The architecture features a multi-level cache hierarchy. The L1 Data caches are private to each CU, whereas the L2 cache is shared among the CUs of the GPU. The L2 cache is 8-way banked and interleaved at a cache-line level. Also, each Shader Array has an Instruction and a Scalar cache, which is common for all 4 CUs of the Shader Array. It models a virtual address space with full support for address translation hardware that includes a set of private fully-associative L1-TLBs, a set-associative non-banked L2-TLB that is shared by all the CUs, and an IOMMU. A basic layout of the TLB hierarchy corresponding to the baseline GPU system has been illustrated in Figure 3. Similar to the caches, each SA has an Instruction and a Scalar TLB, which is shared between all 4 CUs of the SA. Any address translation request that misses in the local GPU hierarchy is forwarded to the IOMMU, which is physically located on the CPU side. The IOMMU has a multi-threaded page table walker which can perform 8 searches in the page table in parallel. All of our experiments are run with a 4KB page size.

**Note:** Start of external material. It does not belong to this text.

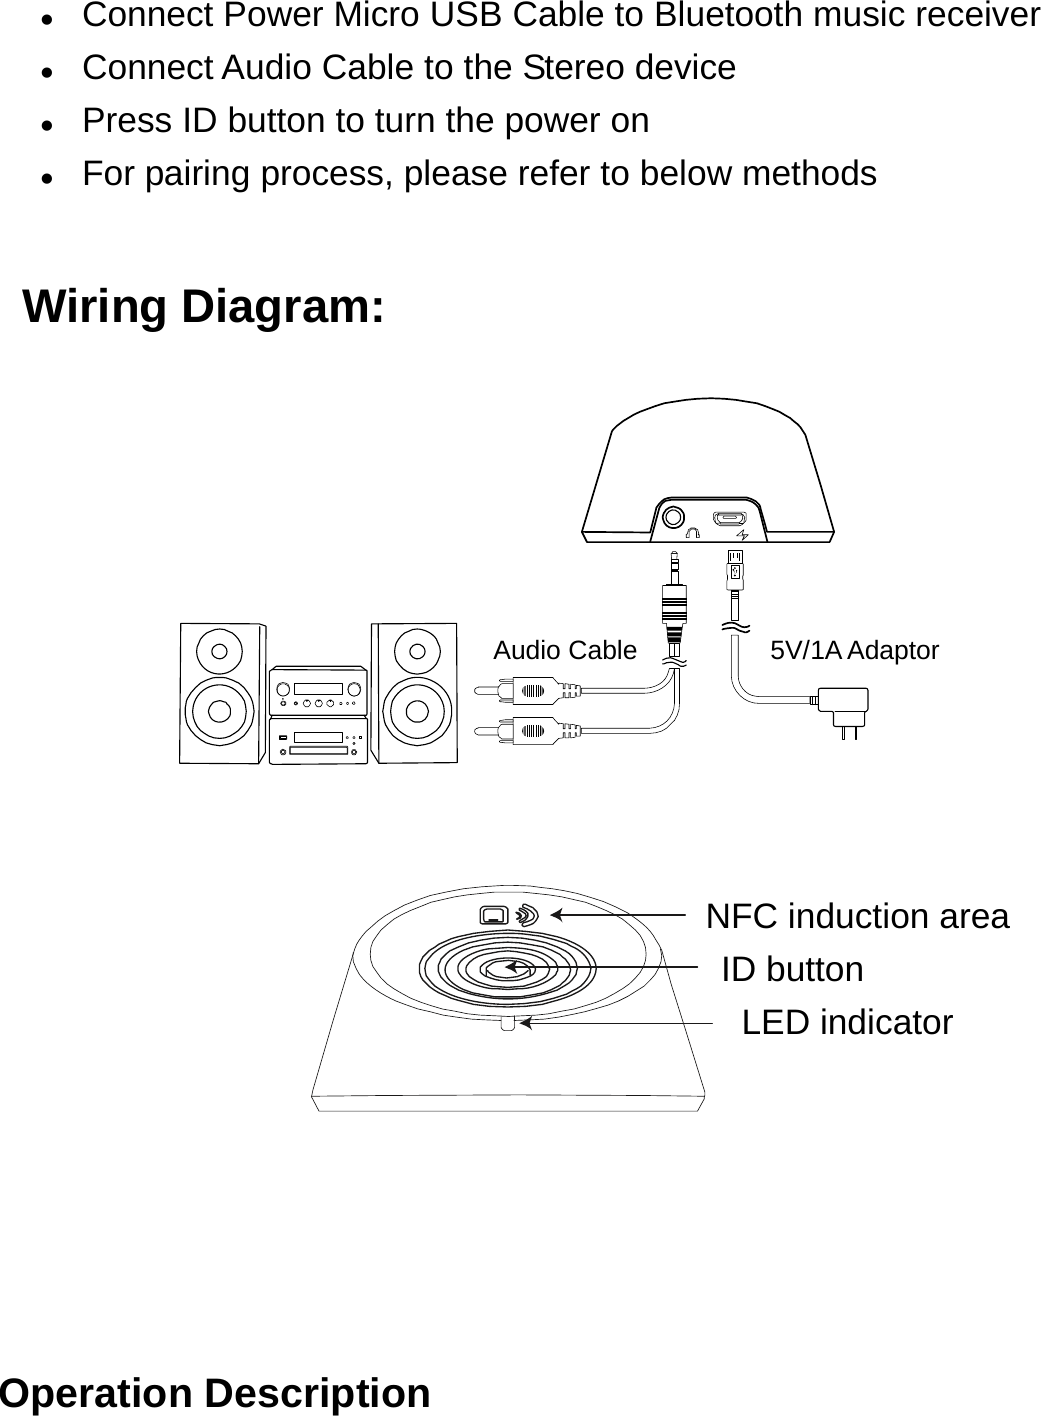  Connect Power Micro USB Cable to Bluetooth music receiver  Connect Audio Cable to the Stereo device  Press ID button to turn the power on  For pairing process, please refer to below methods    Wiring Diagram:                                  Audio Cable          5V/1A Adaptor                                        NFC induction area                                    ID button                                     LED indicator       Operation Description

Figure 3: TLB hierarchy in baseline GPU

| $\begin{array}{c} \#TLBs \\ per \ GPU \end{array}$ | #CUs sharing<br>each TLB | #Entries<br>per TLB |                 | #MSHR Entries<br>per TLB | Access $Latency$ | $Xbar \ Latency$ |
|----------------------------------------------------|--------------------------|---------------------|-----------------|--------------------------|------------------|------------------|
| 64                                                 | 1                        | 128                 | 1 X 128         | 4                        | 1 cycle          | -                |
| 32                                                 | 2                        | 256                 | 2 X 128         | 8                        | 2 cycles         | 1 cycle          |
| 16                                                 | 4                        | 512                 | 4 X 128         | 16                       | 4 cycles         | 2 cycles         |
| 8                                                  | 8                        | 1024                | 8 X 128         | 32                       | 6 cycles         | 3 cycles         |
| $oldsymbol{4}$                                     | 16                       | 2048                | 16 X 128        | 64                       | 8 cycles         | 4 cycles         |
| <b>2</b>                                           | 32                       | 4096                | $32 \times 128$ | 128                      | 10 cycles        | 5 cycles         |
| 1                                                  | 64                       | 8192                | $64 \times 128$ | 256                      | 12 cycles        | 6 cycles         |

**Table 4:** Description of 7 different designs using Aggregated TLBs

# 5 AGGREGATED L1-TLBs

# 5.1 Design

As described in Section 3.2, there is a significant amount of redundant entries across the private L1-TLBs. In order to deal with this problem, we decoupled the L1-TLBs from the cores and merged them at varying degrees, for e.g. 64 L1-TLBs merged to form 32 larger L1-TLBs, or 16 L1-TLBs and so on. The first consequence is that now, the L1-TLB is not private to the cores, instead each L1-TLB is now shared by a group of dedicated cores. The schematic diagram for the same has been illustrated in Figure 4. The details of the design are outlined below:

- Starting from 64 private L1-TLBs, we have tried aggregating the TLBs up to 7 different designs, with 64 private L1-TLBs at one extreme, representing no aggregation, and a single shared L1-TLB for all the cores, at the other extreme, representing complete aggregation. Table 4 summarizes the details for the same.
- If the number of aggregated L1-TLBs in the

GPU is T, then each aggregated L1-TLB is now shared between (64/T) CUs. In order to facilitate the communication between the CUs and the L1-TLBs, we propose a  $(64/T) \times 1$  crossbar between the CUs and the TLB. This introduces additional latency while accessing the TLB. For a crossbar of size  $M \times N$ , we estimate the crossbar latency using the following formula:  $\log_2(M) + \log_2(N)$ . A  $M \times N$  crossbar can be thought of as a  $M \times 1$  multiplexer followed by a  $1 \times N$  demultiplexer. The delay for a combinational circuit is proportional to  $\log_2(\#Inputs)$ , hence the above formula.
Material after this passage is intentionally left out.